Re: How to read metadata/content of an URL in URLFilter?

2015-02-22 Thread Mattmann, Chris A (3980)

There is nothing stating in your assignment that you can’t
use *previously* crawled data to train your model - you
should have at least 2 full sets of this.

Cheers,
Chris


++
Chris Mattmann, Ph.D.
Chief Architect
Instrument Software and Science Data Systems Section (398)
NASA Jet Propulsion Laboratory Pasadena, CA 91109 USA
Office: 168-519, Mailstop: 168-527
Email: chris.a.mattm...@nasa.gov
WWW:  http://sunset.usc.edu/~mattmann/
++
Adjunct Associate Professor, Computer Science Department
University of Southern California, Los Angeles, CA 90089 USA
++






-Original Message-
From: Majisha Parambath 
Reply-To: "dev@nutch.apache.org" 
Date: Sunday, February 22, 2015 at 8:30 PM
To: dev 
Subject: Re: How to read metadata/content of an URL in URLFilter?

>
>
>
>My understanding is that the LinkDB or CrawlDB will contain the results
>of previously fetched and parsed pages.
>
>However if we want to get the contents of a URL/page in the URL Filtering
>stage(
>which is not yet fetched) , is there any util in Nutch  that we can use
>to fetch the contents of the page ?
>
>
>Thanks and regards,
>Majisha Namath Parambath
>Graduate Student, M.S in Computer Science
>Viterbi School of Engineering
>University of Southern California, Los Angeles
>
>
>
>
>
>
>On Sun, Feb 22, 2015 at 4:53 PM, Mattmann, Chris A (3980)
> wrote:
>
>In the constructor of your URLFilter, why not consider passing
>in a NutchConfiguration object, and then reading the path to e.g,
>the LinkDb from the config.

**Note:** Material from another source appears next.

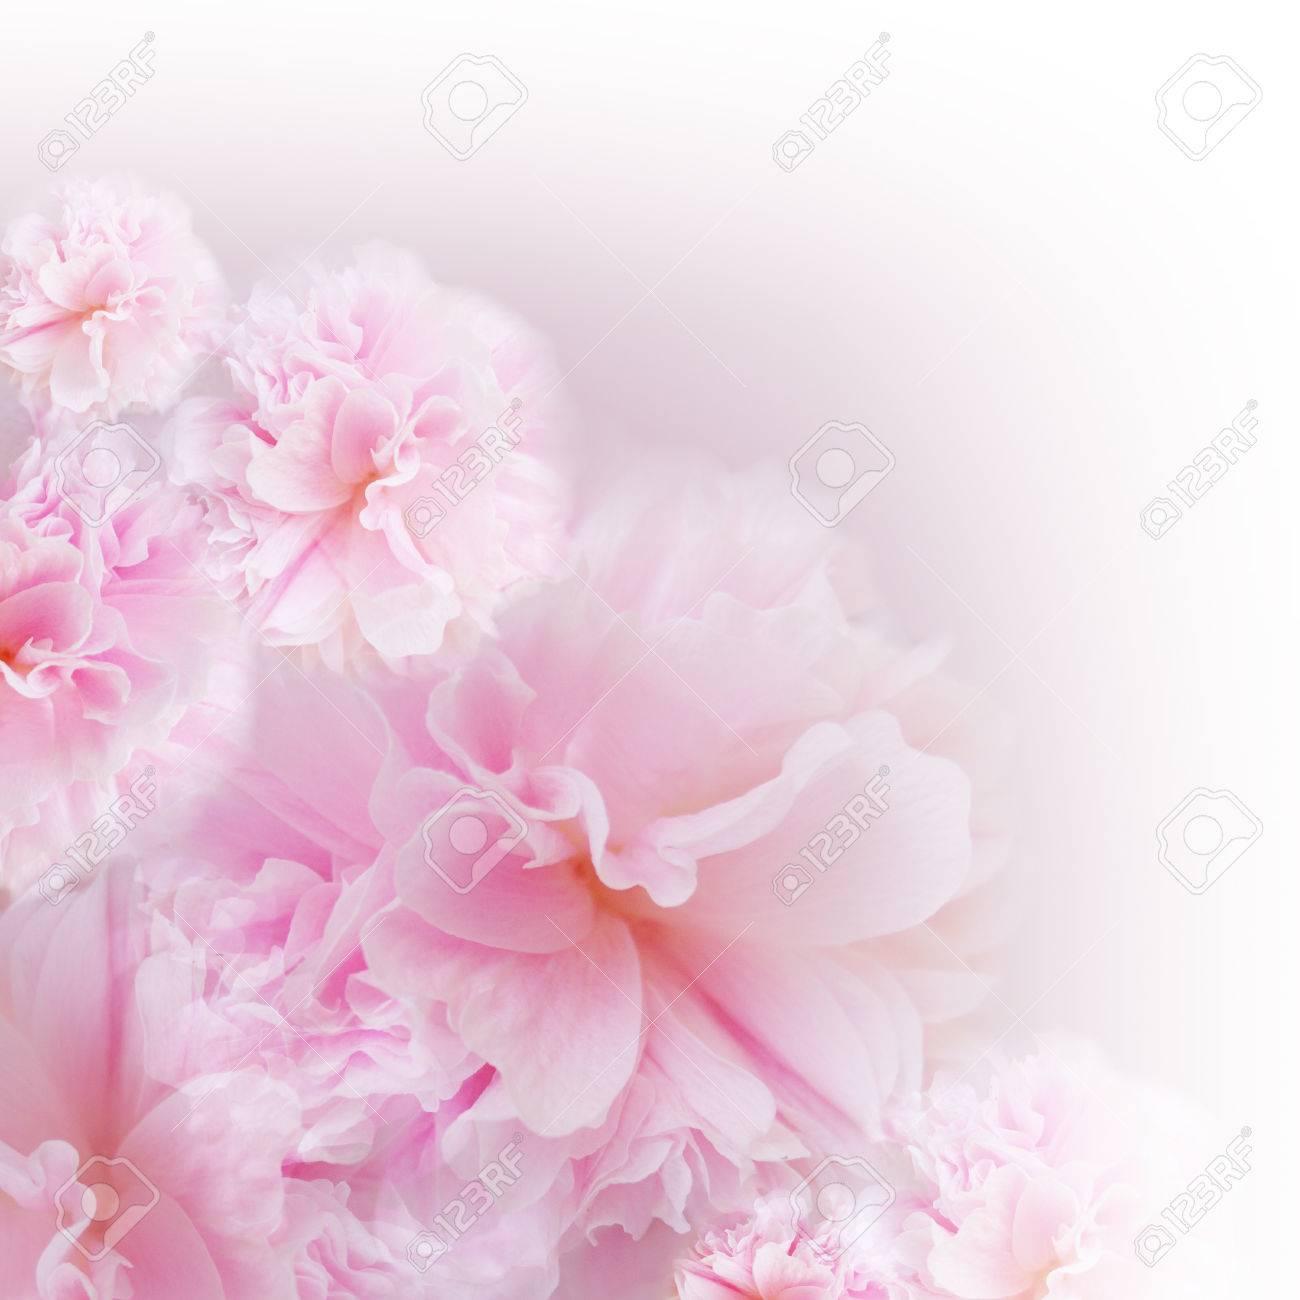 Pink flower on soft pastel color in blur style. Blossom - pink flower, floral background. Pink background. - 75527895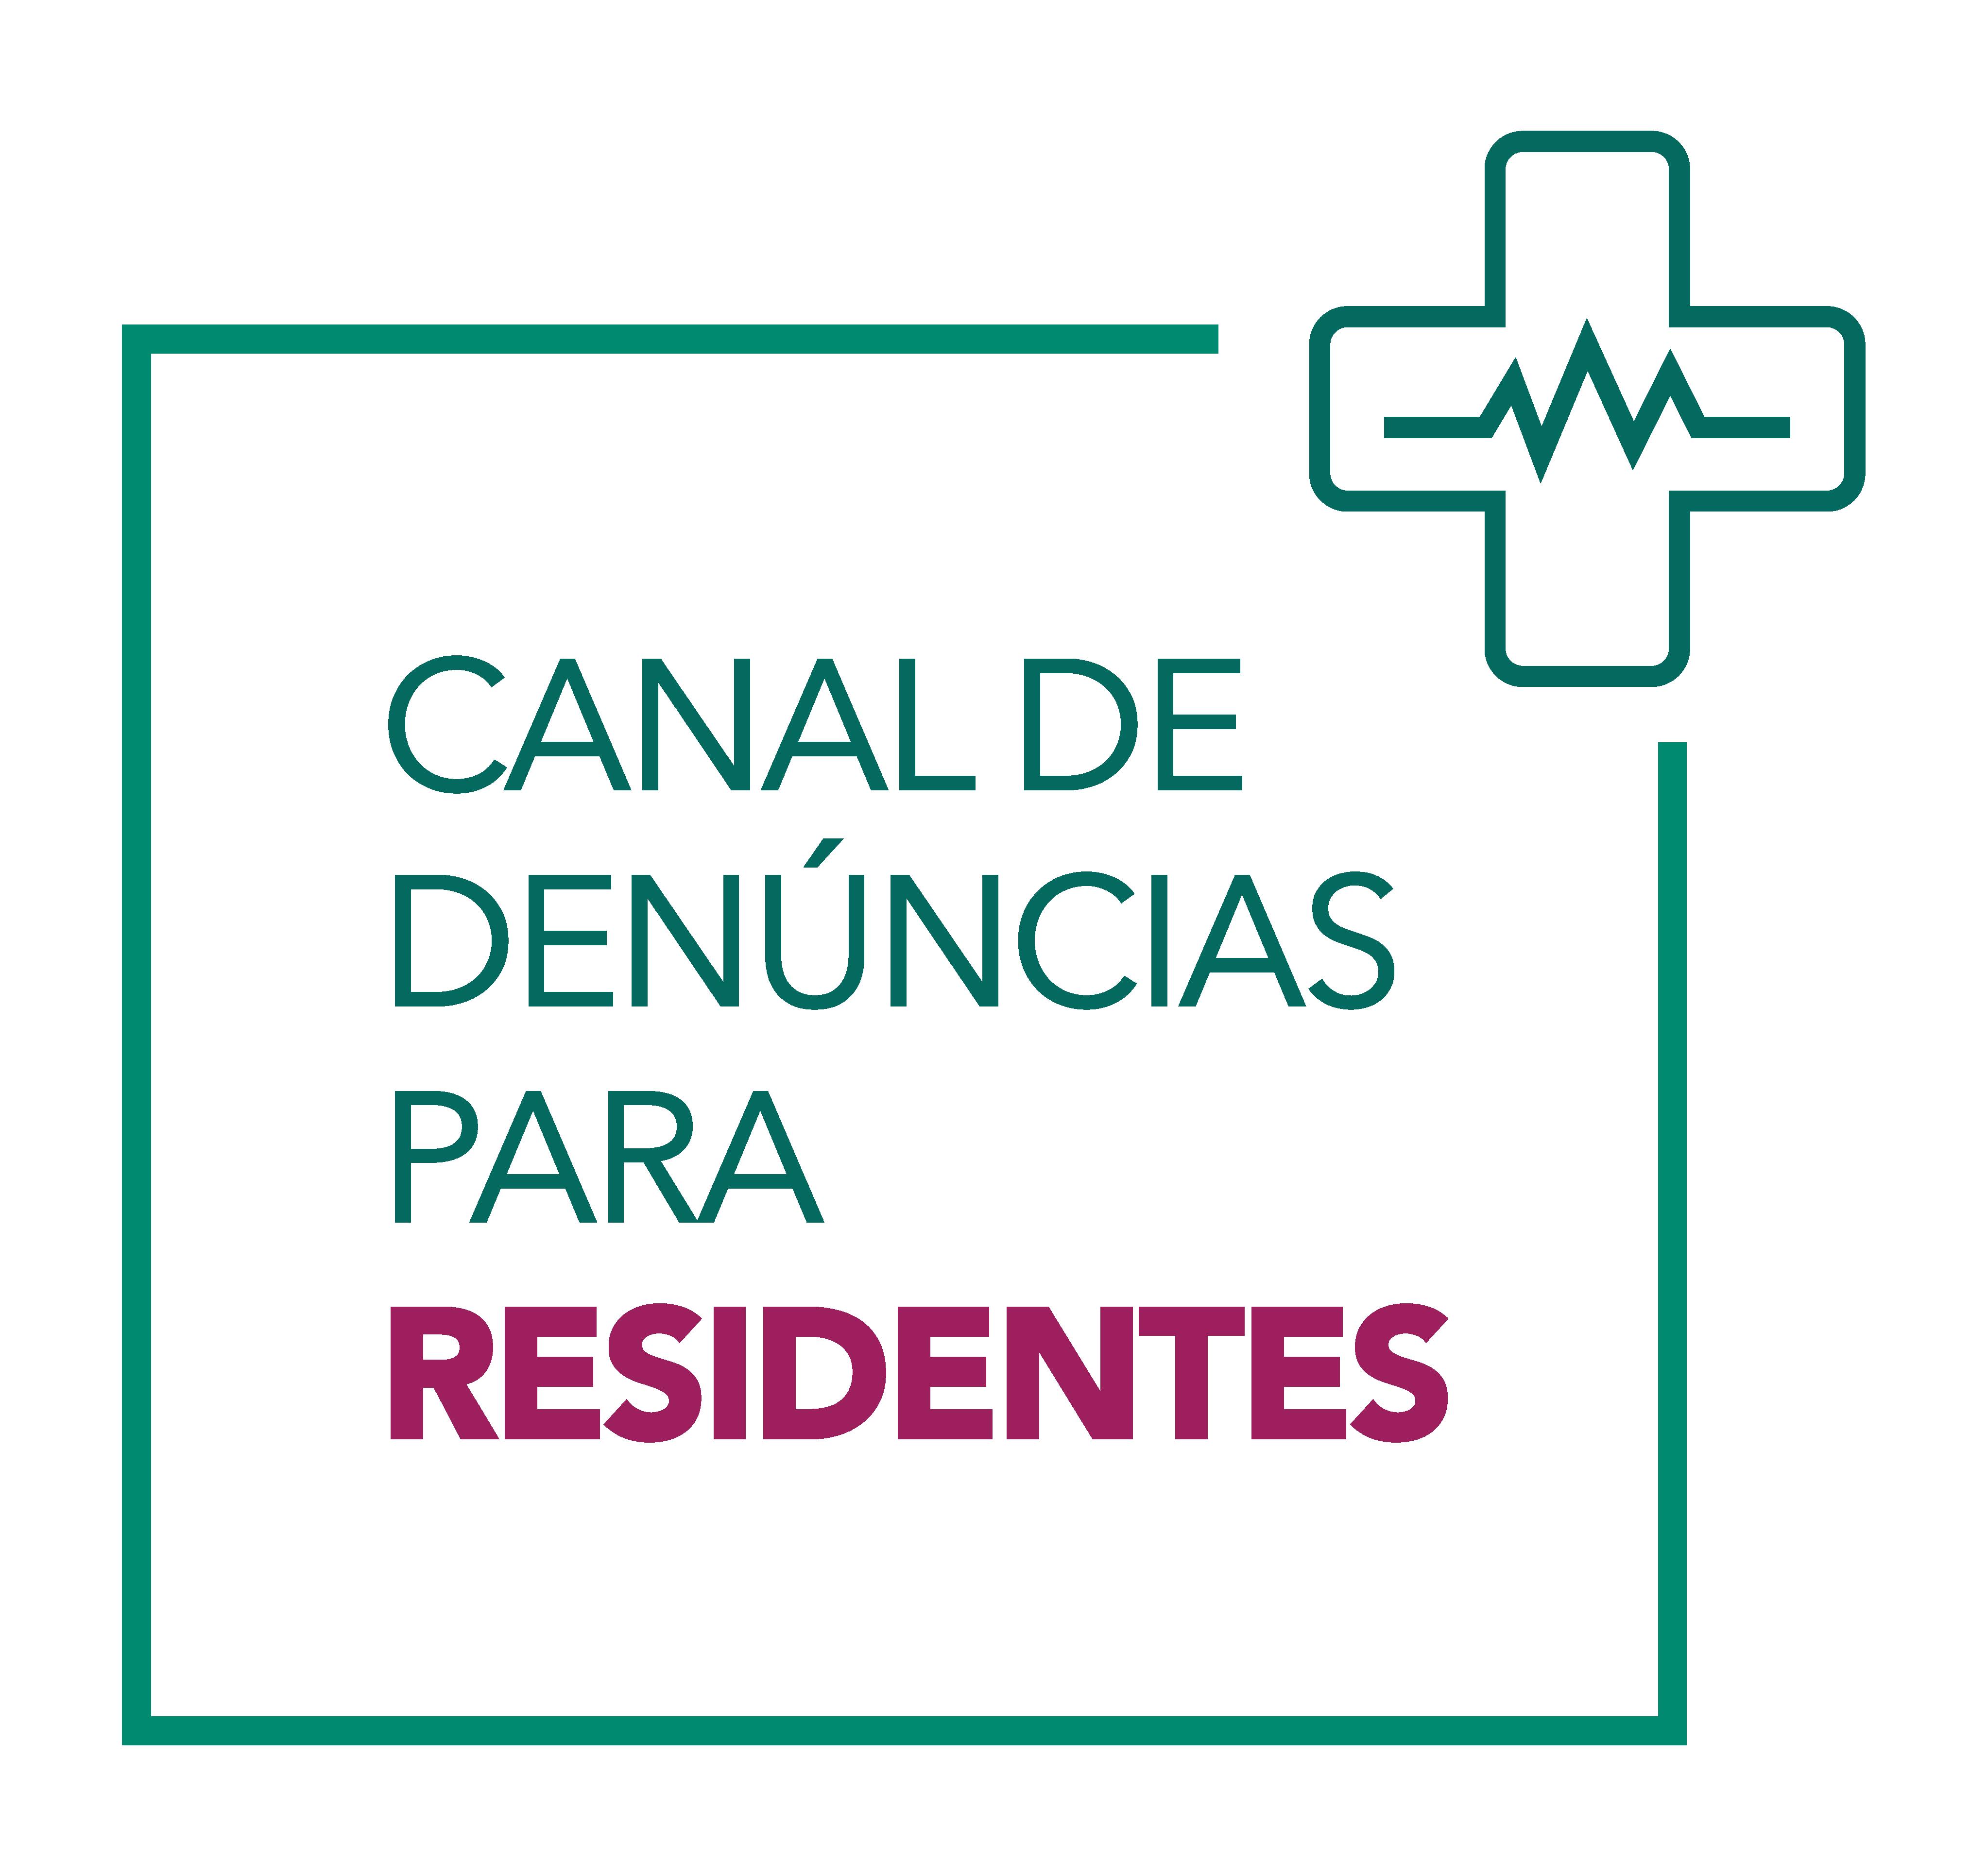 Canal de Denúncias para Residentes

Then have a private member variable
>for the LinkDbReader (maybe static initialized for efficiency)
>and use that in your interface method.
>
>Cheers,
>Chris
>
>++
>Chris Mattmann, Ph.D.
>Chief Architect
>Instrument Software and Science Data Systems Section (398)
>NASA Jet Propulsion Laboratory Pasadena, CA 91109 USA
>Office: 168-519, Mailstop: 168-527
>Email: chris.a.mattm...@nasa.gov
>WWW:  http://sunset.usc.edu/~mattmann/
>++
>Adjunct Associate Professor, Computer Science Department
>University of Southern California, Los Angeles, CA 90089 USA
>++
>
>
>
>
>
>
>-Original Message-
>From: Renxia Wang 
>Reply-To: "dev@nutch.apache.org" 
>Date: Sunday, February 22, 2015 at 3:36 PM
>To: "dev@nutch.apache.org" 
>Subject: How to read metadata/content of an URL in URLFilter?
>
>>
>>
>>
>>Hi
>>
>>
>>I want to develop an UrlFIlter which takes an url, takes its metadata or
>>even the fetched content, then use some duplicate detection algorithms to
>>determine if it is a duplicate of any url in bitch. However, the only
>>parameter passed into the Urlfilter
>> is the url, is it possible to get the data I want of that input url in
>>Urlfilter?
>>
>>
>>Thanks,
>>
>>
>>Zhique
>
>
>
>
>
>
>
>
>

Re: How to read metadata/content of an URL in URLFilter?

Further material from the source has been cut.